Calling C and C++ libraries

Simple example using either pybind11 or ctypes

External C and C++ libraries can be called from Python code using a number of options, using e.g. Cython, CFFI, pybind11 and ctypes. We will discuss the last two, because they require the least amount of boilerplate, for simple cases - for more complex examples that may not be the case.
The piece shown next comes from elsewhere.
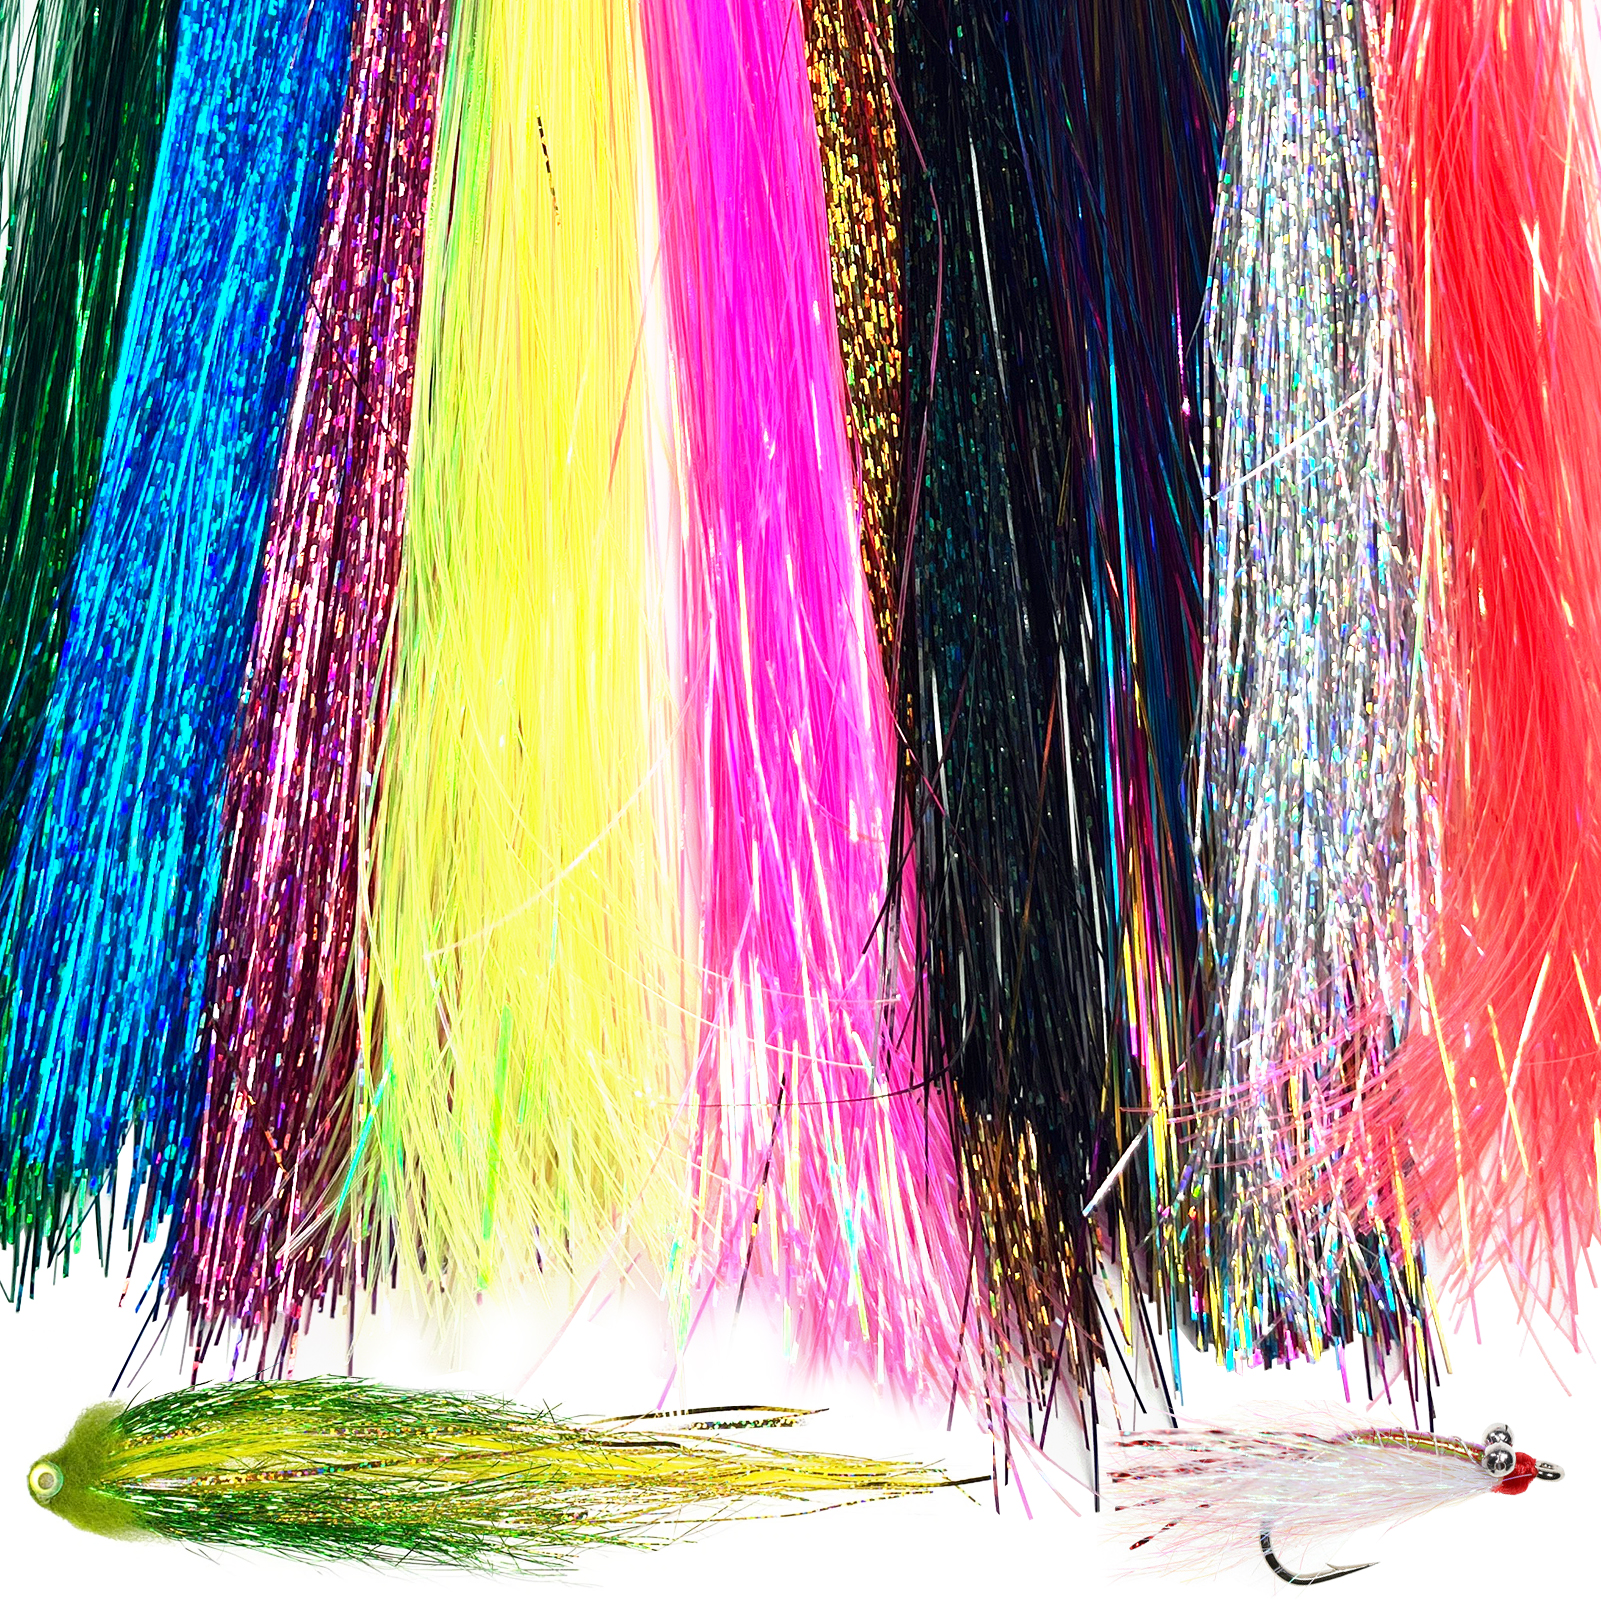 FREE FISHER 24pcs/Set Fishing Crystal Flash Wires 35cm Shining DIY Flies Material Fishing Bait Skirts Spinners Flashabou Tinsel Accessories 
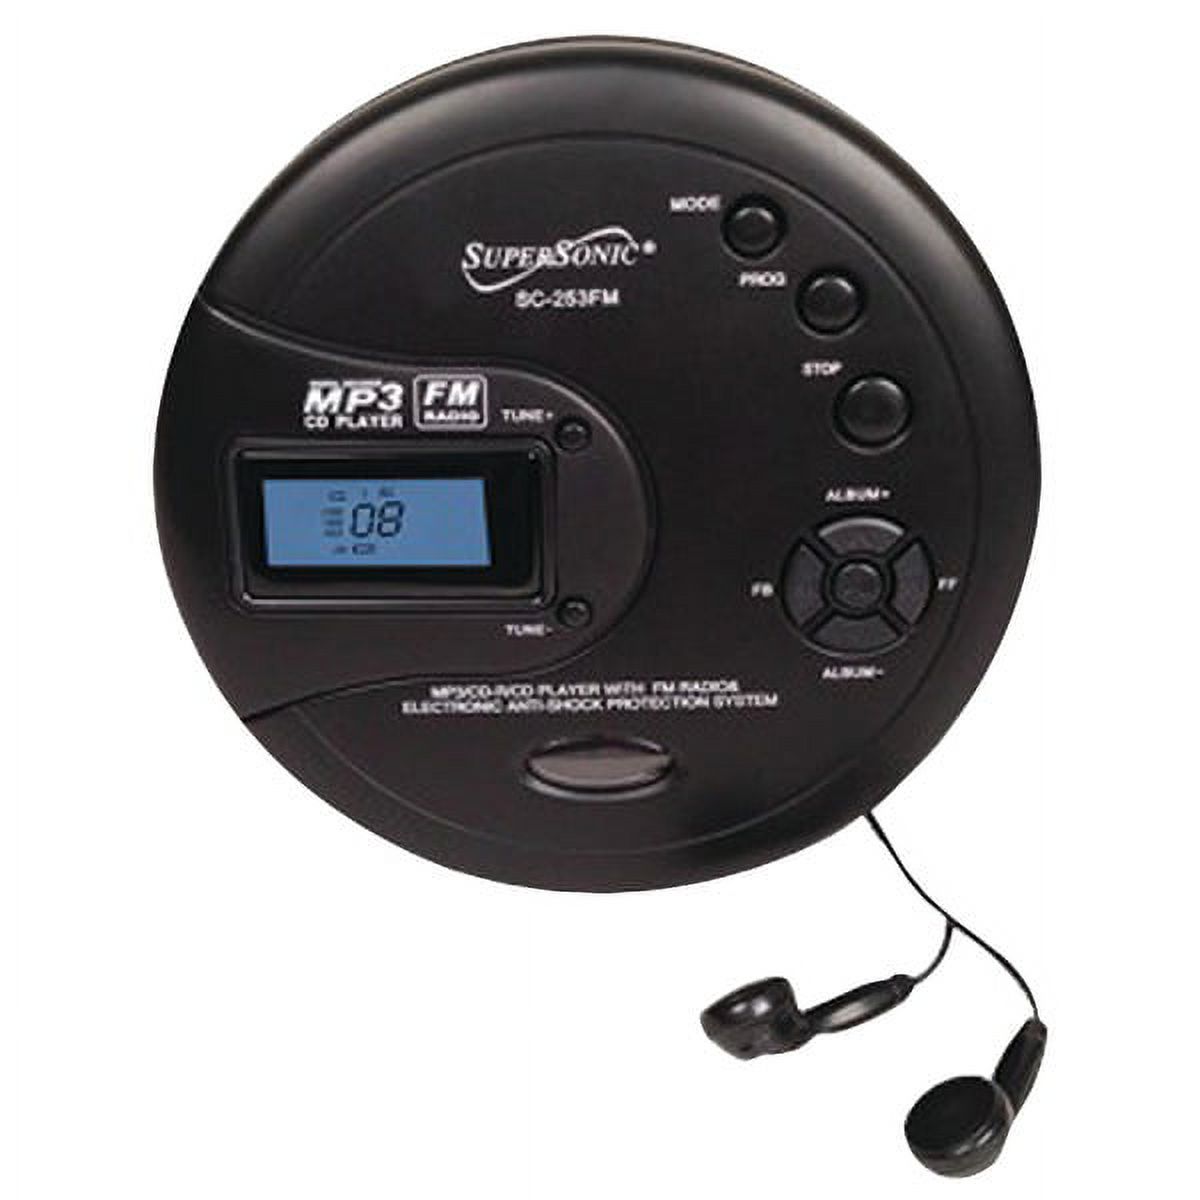 Supersonic Personal Mp3/cd Player With Fm Radio - image 1 of 1

Consider this simple C program, test.c, which adds up consecutive numbers:

C

#include <pybind11/pybind11.h>
namespace py = pybind11;

long long sum_range(long long high)
{
  long long i;
  long long s = 0LL;

  for (i = 0LL; i < high; i++)
      s += (long long)i;

  return s;
}

PYBIND11_MODULE(test_pybind, m) {
    m.doc() = "Export the sum_range function as sum_range";

    m.def("sum_range", &sum_range, "Adds upp consecutive integer numbers from 0 up to and including high-1");
}

You can easily compile and link it into a shared object (.so) file. First you need pybind11. You can install it in a number of ways, like pip, but I prefer creating virtual environments using pipenv.

BASH

pip install pipenv
pipenv install pybind11
pipenv shell

c++ -O3 -Wall -shared -std=c++11 -fPIC `python3 -m pybind11 --includes` test.c -o test_pybind.so

which generates a test_pybind.so shared object which you can call from a iPython shell, like this:

PYTHON

%import test_pybind
%sum_range=test_pybind.sum_range
%high=1000000000
%brute_force_sum=sum_range(high)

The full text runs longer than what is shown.